*** Opening Source data ***

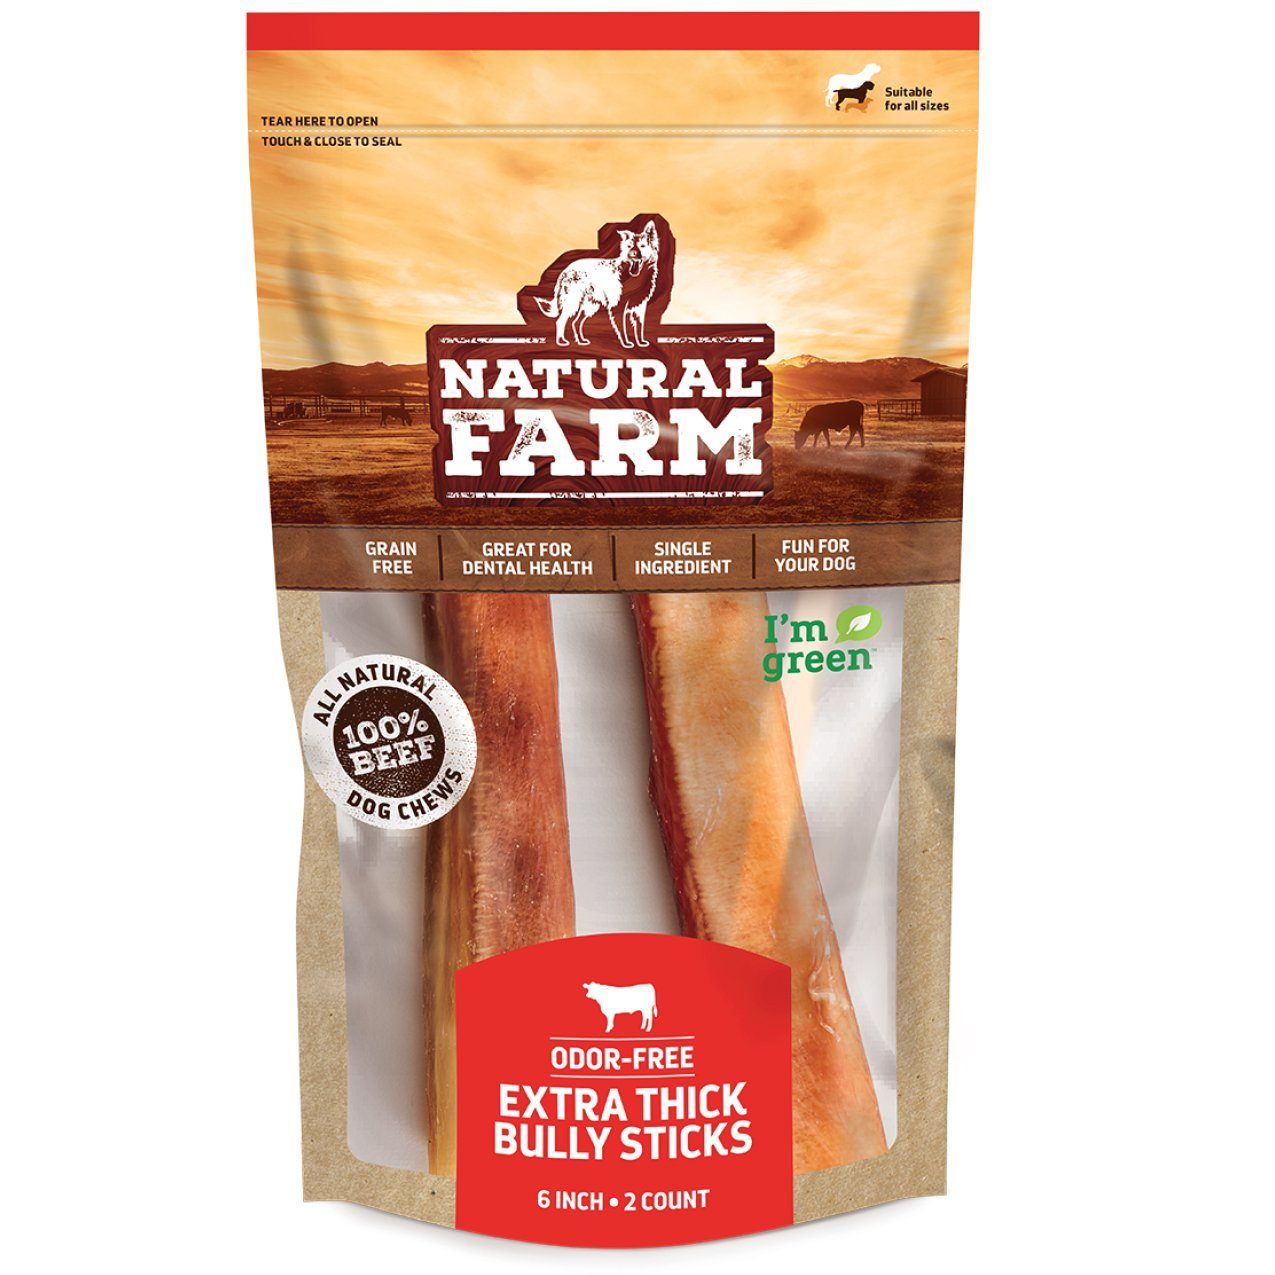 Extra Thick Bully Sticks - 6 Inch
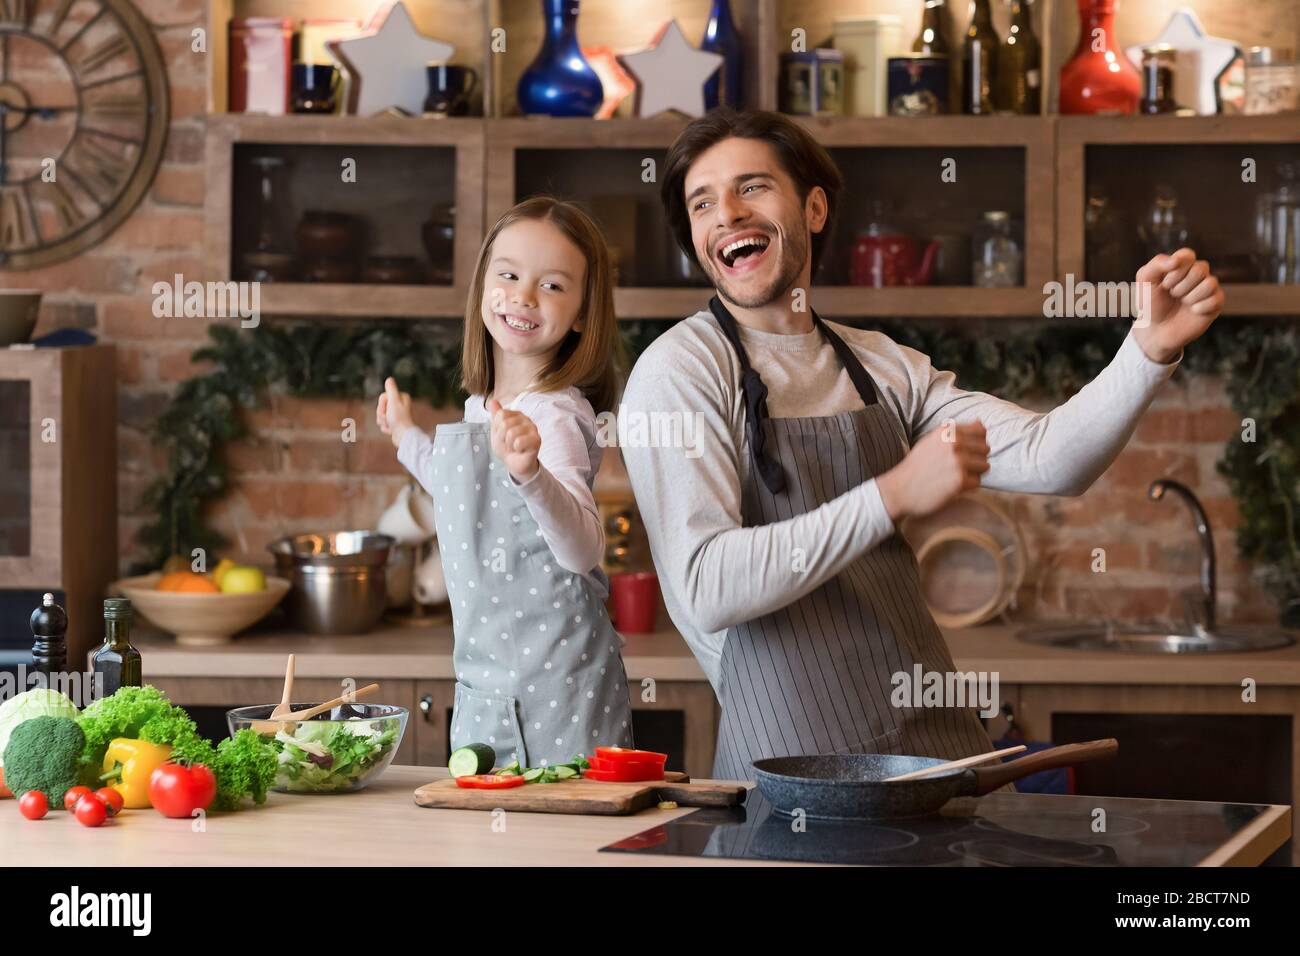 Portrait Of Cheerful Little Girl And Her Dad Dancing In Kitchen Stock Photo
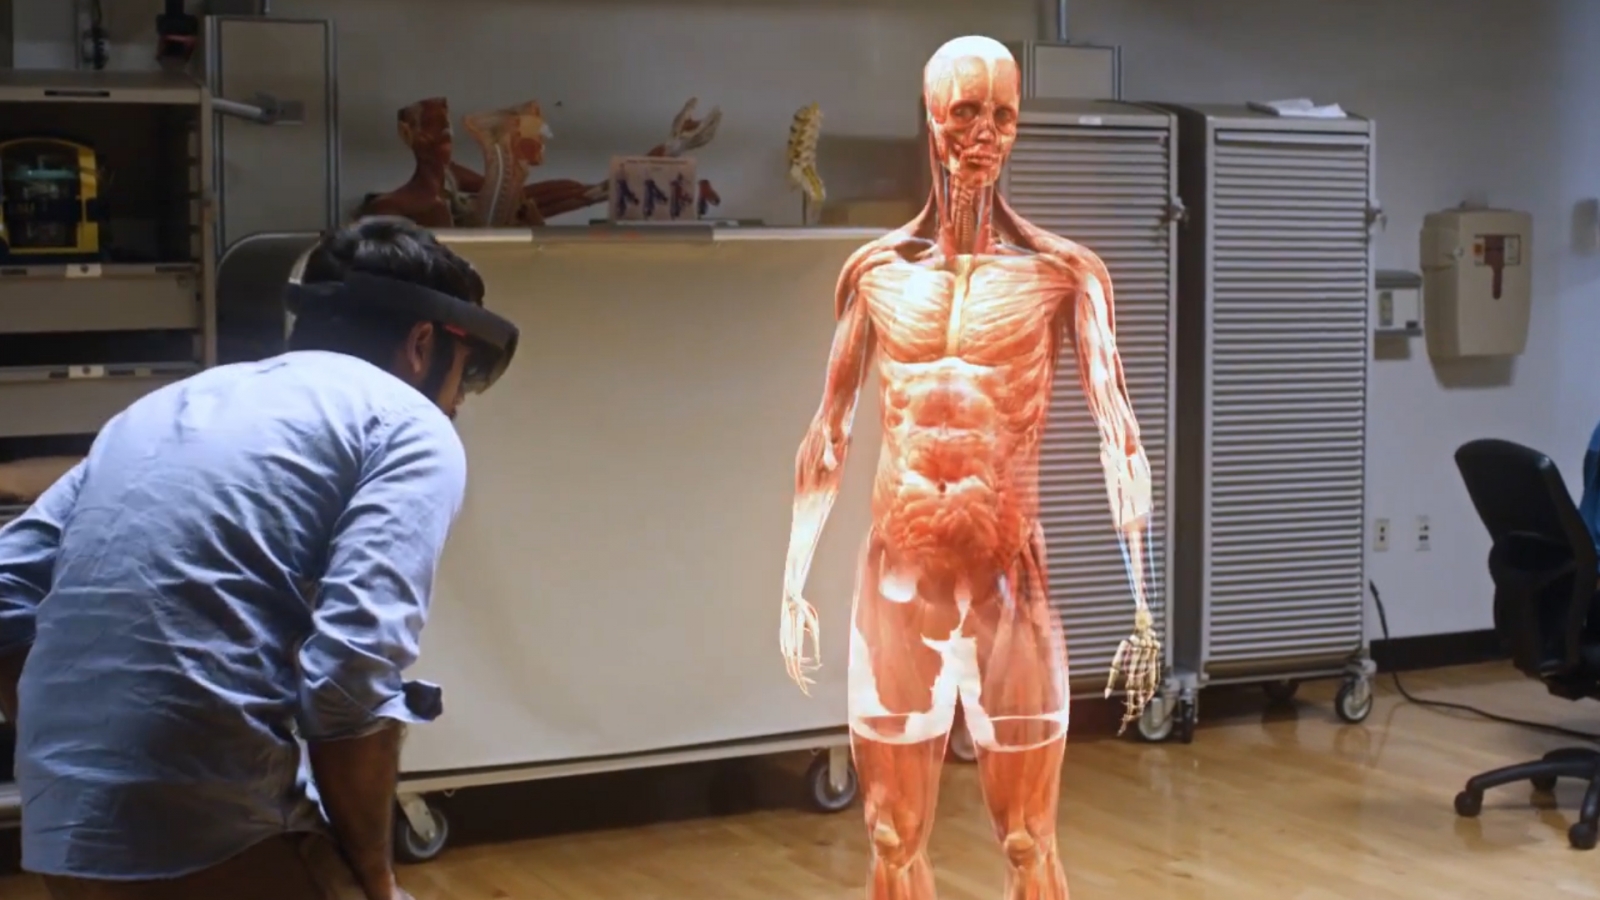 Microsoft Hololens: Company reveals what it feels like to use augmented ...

*** Closing Source data ***

• [Your task] The whole listing above must be returned exactly as written, with no pictures carried over.

• [Result of the task]
 Extra Thick Bully Sticks - 6 Inch
 Portrait Of Cheerful Little Girl And Her Dad Dancing In Kitchen Stock Photo
 Microsoft Hololens: Company reveals what it feels like to use augmented ...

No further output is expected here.